Most market monitoring systems react to events. A large trade prints. The spread widens. The book thins. Cancel pressure rises.
Each signal is real. Each is also, in isolation, mostly noise.
The more useful question is not what happened — it is whether the market has entered a different operating state. That distinction is where decision-grade intelligence lives.
"Risk becomes clearer when you track episodes and regimes — not isolated events."
Three layers. One coherent picture.
The analysis structured microstructure information across three distinct layers — each answering a different question for a market maker operating under time pressure.
Early in the episode is everything.
Medium-high stress episodes in their first five seconds produced the clearest deterioration in fill quality. The window is short. The signal does not linger.
The same stress, three different severities.
Stress does not behave uniformly. The surrounding market regime determines how much worse the fill profile gets — and in the worst regimes, it crosses a threshold that changes the calculus entirely.
In an extreme trend regime, more than 1 in 2 fills becomes adverse. That is not a deterioration in edge — it is a structural reversal. Normal quoting behavior is no longer a viable posture.
This is not a prediction problem.
The practical output of this framework is not a forecast.
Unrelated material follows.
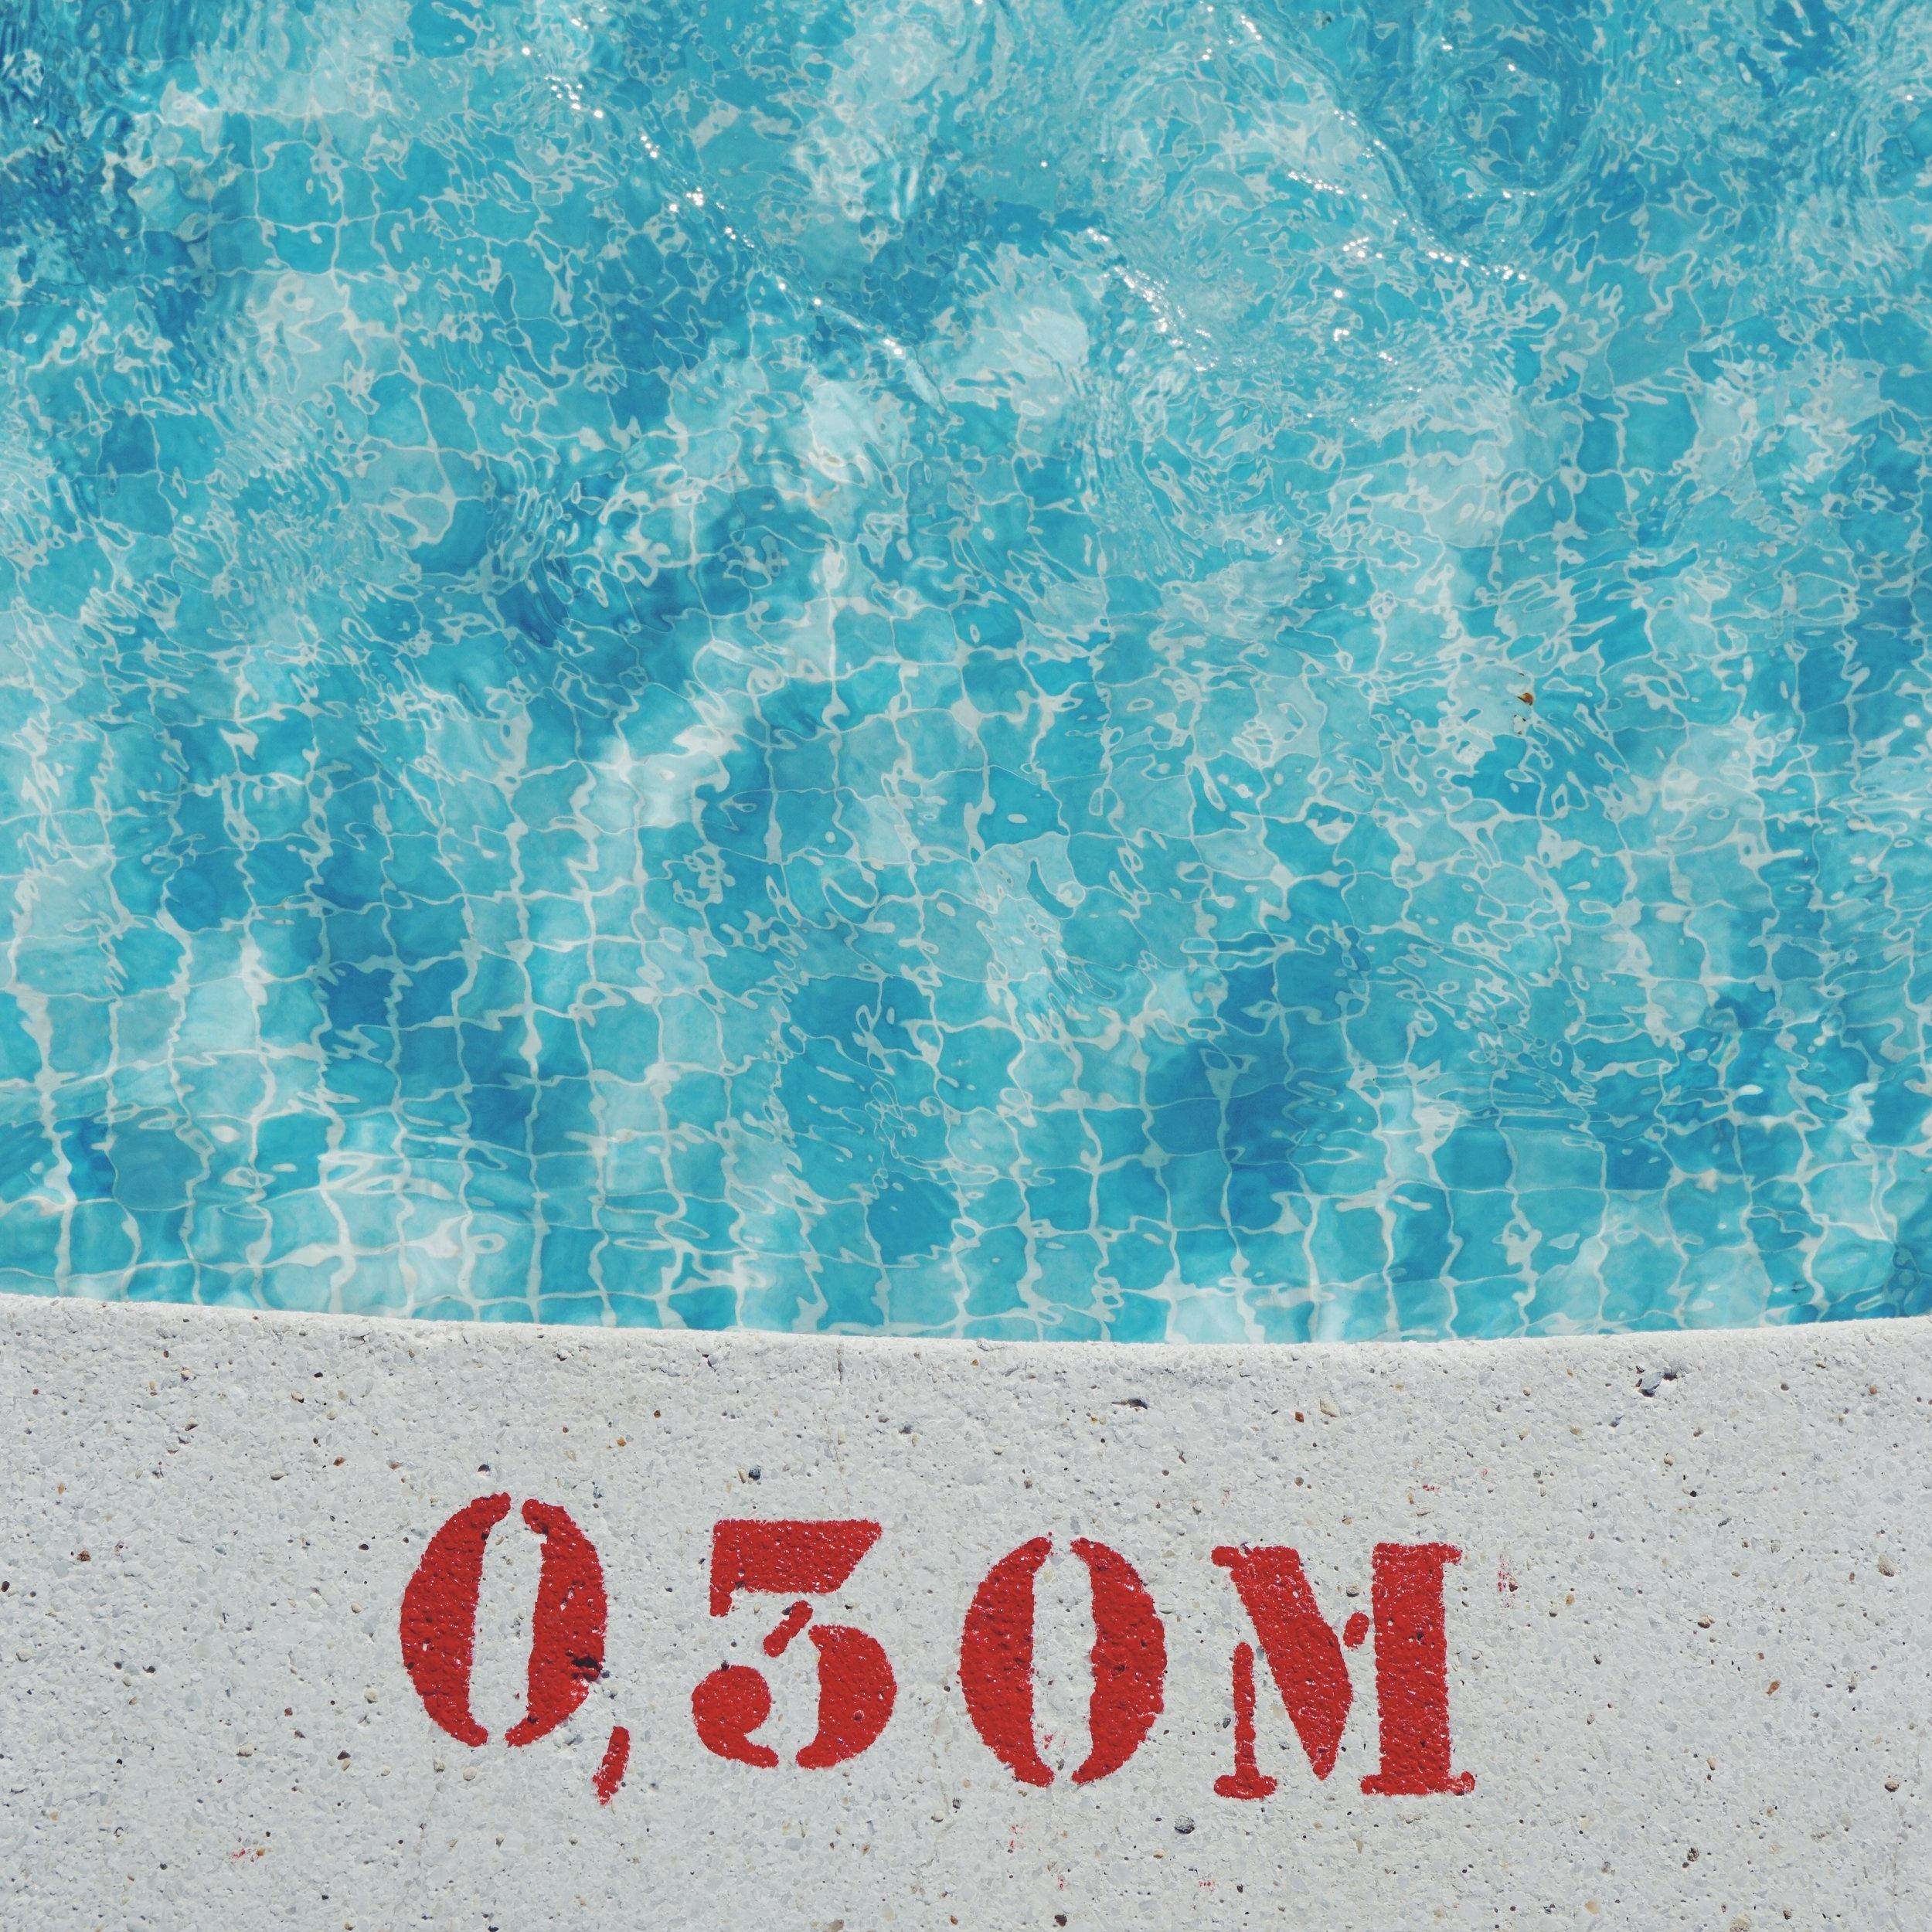 deep-end-swimming-pool.jpg

It is a temporary posture shift — triggered when the market state indicates that normal quoting behavior will produce structurally worse outcomes.
- Reduce L1 quote size until the episode resolves
- Slow replenishment — do not immediately refresh stale quotes
- Widen spreads within allowed bands
- Wait for episode confirmation before returning to normal quoting
Across 2.8M BTCUSDT events, edge cost deteriorated 2.4× during stress episodes while bad-fill rates jumped +41% — from 30.8% to 43.3%. In choppy and extreme trend regimes that figure crossed 50%: more than 1 in 2 fills adverse. That is the difference between watching events and understanding state.